__WHAT THE EXERCISE ASKS__.
Lines to restate from the data below: from the one containing "Contarino COLUCCI CARLO Shorts" to the one containing "Tạp chí Nghề", both included. Give them again exactly, and only them.

Records from a dataset
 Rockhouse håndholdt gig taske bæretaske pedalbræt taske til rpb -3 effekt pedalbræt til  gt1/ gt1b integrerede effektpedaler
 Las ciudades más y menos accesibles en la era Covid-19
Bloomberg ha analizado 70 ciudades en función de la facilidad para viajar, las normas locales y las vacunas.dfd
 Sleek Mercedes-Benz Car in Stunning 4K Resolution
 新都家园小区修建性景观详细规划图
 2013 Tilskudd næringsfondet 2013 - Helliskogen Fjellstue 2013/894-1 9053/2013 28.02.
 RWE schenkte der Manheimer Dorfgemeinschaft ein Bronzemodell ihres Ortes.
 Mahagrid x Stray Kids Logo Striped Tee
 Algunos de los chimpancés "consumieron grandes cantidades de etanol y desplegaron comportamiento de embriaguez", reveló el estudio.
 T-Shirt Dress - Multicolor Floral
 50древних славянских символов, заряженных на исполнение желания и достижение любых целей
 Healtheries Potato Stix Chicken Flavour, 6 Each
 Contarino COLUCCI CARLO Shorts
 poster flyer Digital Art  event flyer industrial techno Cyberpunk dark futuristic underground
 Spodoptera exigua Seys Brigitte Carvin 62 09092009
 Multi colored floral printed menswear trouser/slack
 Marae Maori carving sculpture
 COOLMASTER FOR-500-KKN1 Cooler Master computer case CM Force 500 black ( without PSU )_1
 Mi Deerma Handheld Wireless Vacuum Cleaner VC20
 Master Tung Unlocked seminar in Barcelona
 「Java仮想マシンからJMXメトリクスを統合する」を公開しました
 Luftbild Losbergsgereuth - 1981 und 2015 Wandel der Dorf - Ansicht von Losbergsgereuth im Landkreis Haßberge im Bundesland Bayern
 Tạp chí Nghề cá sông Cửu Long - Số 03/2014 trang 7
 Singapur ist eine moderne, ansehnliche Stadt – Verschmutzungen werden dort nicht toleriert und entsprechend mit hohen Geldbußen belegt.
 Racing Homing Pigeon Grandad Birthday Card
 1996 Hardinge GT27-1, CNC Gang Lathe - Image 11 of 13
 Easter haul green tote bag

__EXERCISE ANSWER__.
 Contarino COLUCCI CARLO Shorts
 poster flyer Digital Art  event flyer industrial techno Cyberpunk dark futuristic underground
 Spodoptera exigua Seys Brigitte Carvin 62 09092009
 Multi colored floral printed menswear trouser/slack
 Marae Maori carving sculpture
 COOLMASTER FOR-500-KKN1 Cooler Master computer case CM Force 500 black ( without PSU )_1
 Mi Deerma Handheld Wireless Vacuum Cleaner VC20
 Master Tung Unlocked seminar in Barcelona
 「Java仮想マシンからJMXメトリクスを統合する」を公開しました
 Luftbild Losbergsgereuth - 1981 und 2015 Wandel der Dorf - Ansicht von Losbergsgereuth im Landkreis Haßberge im Bundesland Bayern
 Tạp chí Nghề cá sông Cửu Long - Số 03/2014 trang 7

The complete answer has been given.